C’est peut-être cela le paradoxe qui continue un peu ce que je vous ai proposé en méditation hier soir. C’est vrai que sa présence nous échappe, qu’on ne peut pas mettre la main sur la présence du Ressuscité. Nous ne possédons pas la résurrection. Déjà la vie est un don mais alors si la résurrection était une récupération pieuse et qui a envie de prendre, de s’approprier Dieu, s’approprier la vie de Dieu, si c’était cela, ce serait scandaleux. Non, « Je suis encore avec toi », Il nous le dit à nous. Le Christ Lui-même s’émerveille du fait qu’Il est encore avec nous, à ses risques et périls ; Il est encore avec nous pour nous accompagner dans l’épreuve du confinement, pour nous accompagner dans l’épreuve du deuil, pour être là quand il faut mais avec cette distance du mystère du Royaume.

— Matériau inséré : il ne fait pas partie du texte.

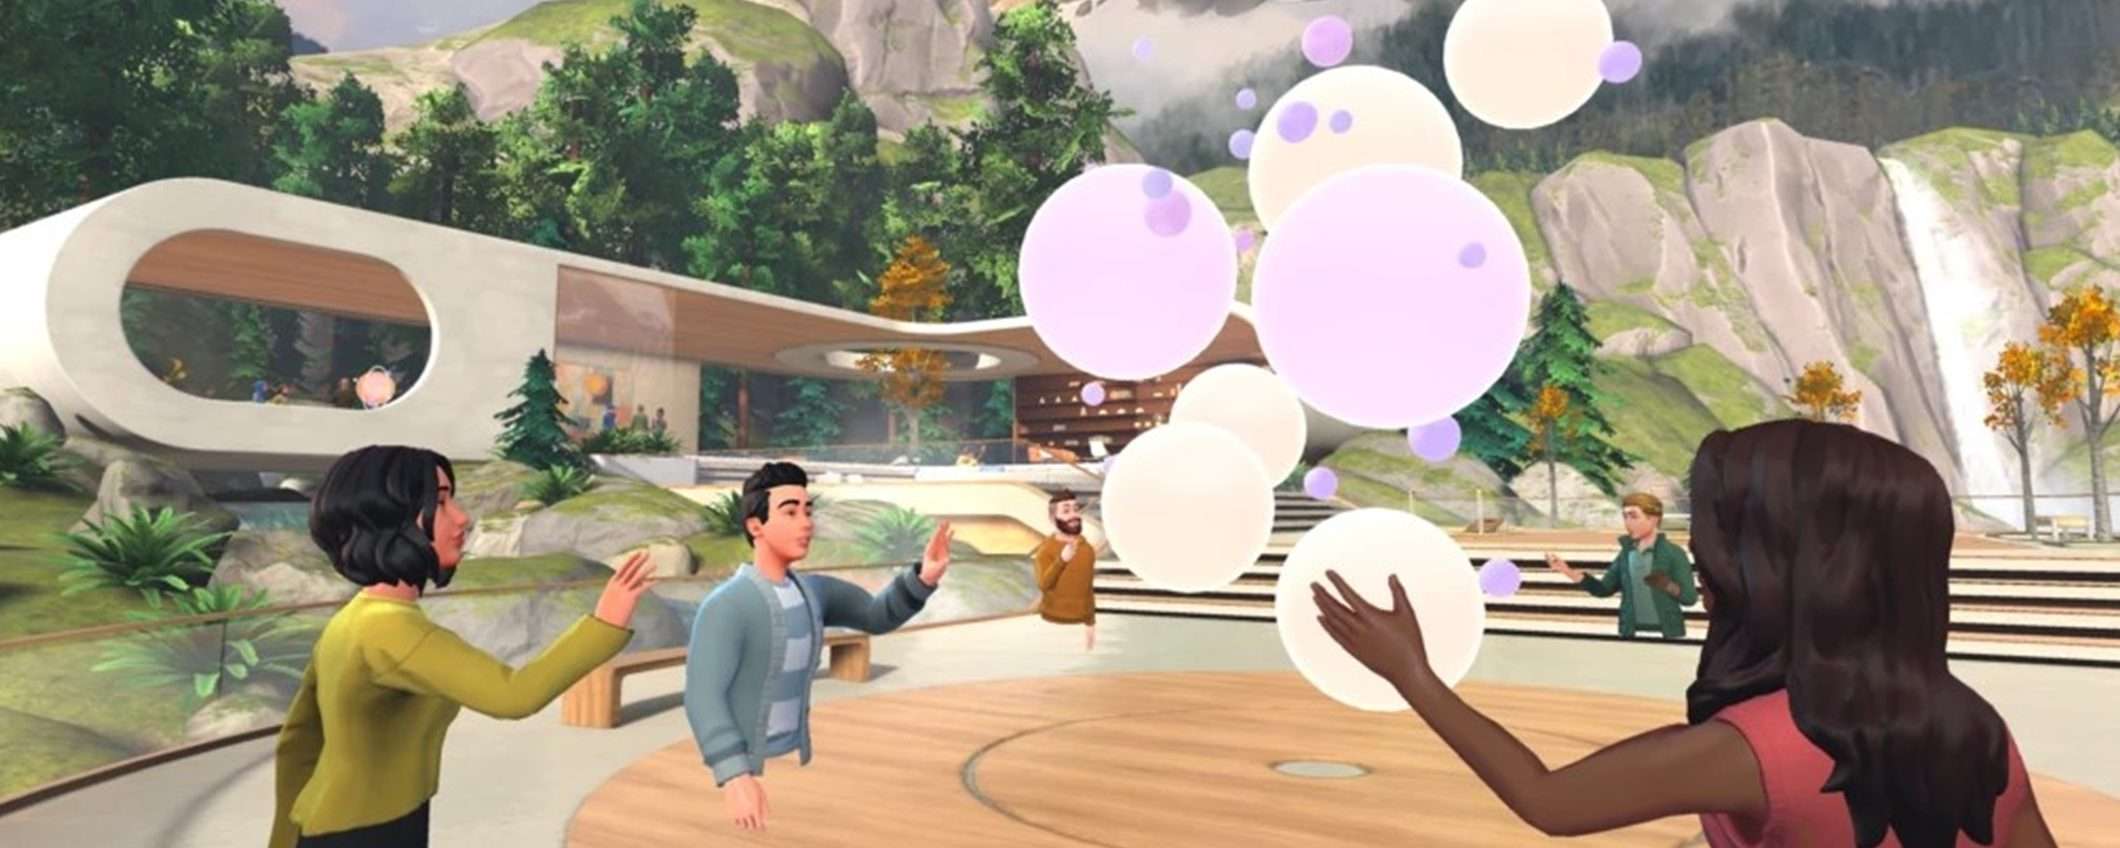 Microsoft Teams ora supporta le riunioni in 3D e VR

Frères et sœurs, c’est pour cela qu’au moment de la Passion, Marie a toujours envie d’empoigner Jésus, elle veut toujours Lui mettre la main dessus, c’est merveilleux d’une certaine manière, c’est très féminin, c’est tellement beau et tellement touchant, et quand Il est avec nous sur la terre, Il laisse faire. Il lui laisse casser le vase de parfum très précieux sur ses pieds et Il la défend contre Judas qui veut organiser des plans de bienfaisance. Là encore, elle veut L’empoigner. Elle croit encore au mode de la présence en se précipitant vers son Seigneur : « Seigneur, je suis là, Tu ne te rends pas compte mais Tu ne fais pas attention à moi ! » Jésus lui dit : « Ne me touche pas, Je suis vraiment là, mais cette présence ne retire rien à la transcendance de ce que Je suis au Père, Moi le Christ qui ai toute l’humanité dans mes bras – et même sur les bras ».

Voilà ce que c’est que la résurrection. Le Christ nous a sur les bras et il faut qu’Il se dépatouille avec nous ; c’est magnifique ! Cela veut dire qu’il n’y a plus d’inquiétude, il y a ce chant d’émerveillement de la présence. En fait, quand quelqu’un est présent on devrait simplement chanter pour lui ou pour elle, c’est tout. C’est cela aujourd’hui, la joie de la résurrection.

Fêter la présence ! C’est vrai qu’on ne peut pas actuellement en temps de confinement, mais c’est « noli me tangere », c’est-à-dire de même qu’avec le coronavirus il ne faut absolument pas se laisser toucher par lui parce que c’est épouvantable, mais là tant pis, c’est le Christ, on ne peut pas Le toucher, mettre la main sur Lui. Il est là et, vous le voyez dans ce jardin qui ressemble, pour ceux qui viennent de temps en temps au moment de l’Avent ou même régulièrement, c’est le même jardin que celui de l’Annonciation, avec les mêmes arbres, la même clôture, le jardin bien clos, le jardin de la rencontre de Dieu, le jardin de la présence du Ressuscité. A cette époque-là, ce n’était pas Marie-Madeleine, c’était la Vierge Marie. Aujourd’hui, Il est dans le jardin et Il nous invite dans son jardin. C’est d’une certaine manière la chanson populaire qui illustrerait le mieux cette scène de Marie-Madeleine : « J’ai descendu dans mon jardin, pour y cueillir l’humanité ».

Frères et sœurs, laissons-nous cueillir, laissons-nous saisir, et je vous invite tous à boire une bonne coupe de champagne à la joie de la résurrection du Christ, joie du Christ émerveillé, « Je suis encore avec toi » et nous émerveillés, « Tu es encore avec nous ». Amen.